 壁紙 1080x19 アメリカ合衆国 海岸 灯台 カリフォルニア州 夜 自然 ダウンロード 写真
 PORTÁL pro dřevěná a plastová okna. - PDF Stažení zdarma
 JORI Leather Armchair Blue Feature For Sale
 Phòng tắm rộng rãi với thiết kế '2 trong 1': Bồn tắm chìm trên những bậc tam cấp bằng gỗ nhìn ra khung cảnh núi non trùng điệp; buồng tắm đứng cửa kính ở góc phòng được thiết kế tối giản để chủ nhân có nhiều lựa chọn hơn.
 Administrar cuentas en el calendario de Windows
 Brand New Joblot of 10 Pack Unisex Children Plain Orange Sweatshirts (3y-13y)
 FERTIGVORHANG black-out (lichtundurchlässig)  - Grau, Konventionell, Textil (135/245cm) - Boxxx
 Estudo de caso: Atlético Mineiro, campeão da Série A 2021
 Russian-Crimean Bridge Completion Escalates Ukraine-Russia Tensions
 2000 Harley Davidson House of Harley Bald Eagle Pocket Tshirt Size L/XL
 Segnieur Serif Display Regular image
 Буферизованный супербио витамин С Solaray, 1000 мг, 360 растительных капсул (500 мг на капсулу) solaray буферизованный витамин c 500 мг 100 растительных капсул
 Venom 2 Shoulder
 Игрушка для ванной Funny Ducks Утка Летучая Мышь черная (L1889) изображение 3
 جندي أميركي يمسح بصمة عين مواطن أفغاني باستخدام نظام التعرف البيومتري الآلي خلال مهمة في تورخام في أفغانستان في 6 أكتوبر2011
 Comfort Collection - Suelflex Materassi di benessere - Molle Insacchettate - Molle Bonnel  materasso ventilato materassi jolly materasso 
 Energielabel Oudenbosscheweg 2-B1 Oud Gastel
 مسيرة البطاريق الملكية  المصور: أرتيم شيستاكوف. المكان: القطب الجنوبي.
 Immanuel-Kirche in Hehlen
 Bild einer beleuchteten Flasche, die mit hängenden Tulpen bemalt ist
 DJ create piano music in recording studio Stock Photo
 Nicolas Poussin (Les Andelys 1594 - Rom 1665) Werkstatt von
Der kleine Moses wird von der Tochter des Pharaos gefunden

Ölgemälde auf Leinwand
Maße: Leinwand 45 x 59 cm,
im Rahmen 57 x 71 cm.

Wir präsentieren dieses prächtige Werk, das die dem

=======

= WHAT IS EXPECTED =
Write out the lines above, starting at the line that contains "Comfort Collection - Suelflex" and ending with the final line, and nothing else; copy them exactly.

= EXERCISE RESULT =
 Comfort Collection - Suelflex Materassi di benessere - Molle Insacchettate - Molle Bonnel  materasso ventilato materassi jolly materasso 
 Energielabel Oudenbosscheweg 2-B1 Oud Gastel
 مسيرة البطاريق الملكية  المصور: أرتيم شيستاكوف. المكان: القطب الجنوبي.
 Immanuel-Kirche in Hehlen
 Bild einer beleuchteten Flasche, die mit hängenden Tulpen bemalt ist
 DJ create piano music in recording studio Stock Photo
 Nicolas Poussin (Les Andelys 1594 - Rom 1665) Werkstatt von
Der kleine Moses wird von der Tochter des Pharaos gefunden

Ölgemälde auf Leinwand
Maße: Leinwand 45 x 59 cm,
im Rahmen 57 x 71 cm.

Wir präsentieren dieses prächtige Werk, das die dem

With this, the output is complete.